Краснощекий с брюхом явился в двери с девкой в джинсах и сапогах, волосы забраны сзади в конский хвост.
- Мистэр Вознэсэнски еще не явился, - сказала девка.
- Он нас пригласил.
Ленька грудью пошел на хвостатую и розовощекого. Они нехотя отступили, и мы вошли в дыру. Там было сыро.
- Если он вас пригласил, ваши имена должны быть в списке приглашенных. - Хвостатая взяла лежащий на черном ящике усилителя планшет с прижатым зажимом грязным листом бумаги. - Ваши имена?
Мы сказали ей имена. Разумеется, их в списке не имелось.
- Сожалею, - сказала хвостатая. Я увидел, что у нее кривой нос. Теперь хвостатая грудью пошла на Леньку. - Вам придется дождаться мистера Вознэсэнски.
- Мы подождем здесь. - Ленька увильнул от груди хвостатой в сторону.
- Сожалею... Подождите снаружи.
- Снаружи холодно. - Ленька озирался по сторонам, ища выхода из положения.
Это я увидел вдруг Аллена Гинзберга, вышедшего из темных недр помещения к стойке бара. Бар в "СиБиДжиБи" - примитивный загончик с прилавком. Алкоголи помещаются на полках вдоль стен. Автор поэмы "Вопль" сбрил бороду, но я узнал его по последним фотографиям.
- Вон идет Гинзберг! - дернул я Леньку за рукав.

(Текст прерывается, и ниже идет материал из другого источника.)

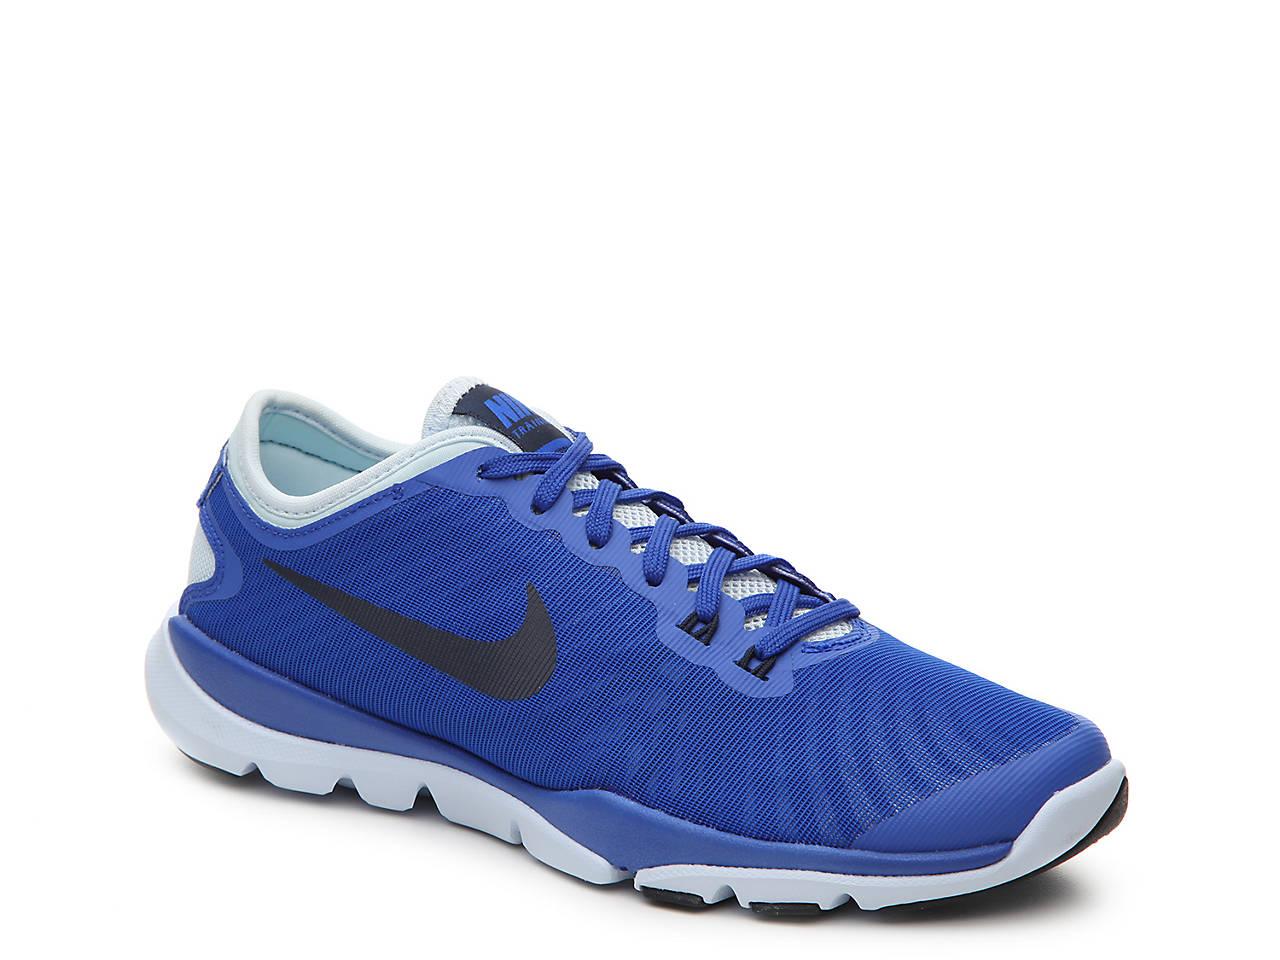 41396a48c125 Nike Flex Supreme TR 4 Training Shoe - Women s Women s Shoes

- Аллен! - закричал Ленька. И, бросившись к Гинзбергу, схватил его за руку.
Впоследствии Ленька утверждал, что познакомился с ним в доме одной из еврейских дам. Мне лично показалось тогда, что Гинзберг видит его впервые.
- Андрэй Вознэсэнски пригласил нас. - Ленька указал на меня, оправдывая "нас". - Зыс из май дэр фрэнд - Эдвард Лимонов. Грэйт поэт.
Я пожал протянутую мне влажную руку Гинзберга.
- У нас маленькая проблема, Аллен. Андрей забыл включить наши имена в список.
- Это друзья русского поэта. - Гинзберг взял Леньку за плечо.
Хвостатая и розовощекий заулыбались.
- Идемте, я посажу вас за свой стол. Здесь всего десяток столов, и когда начнут впускать публику, мест мгновенно не будет.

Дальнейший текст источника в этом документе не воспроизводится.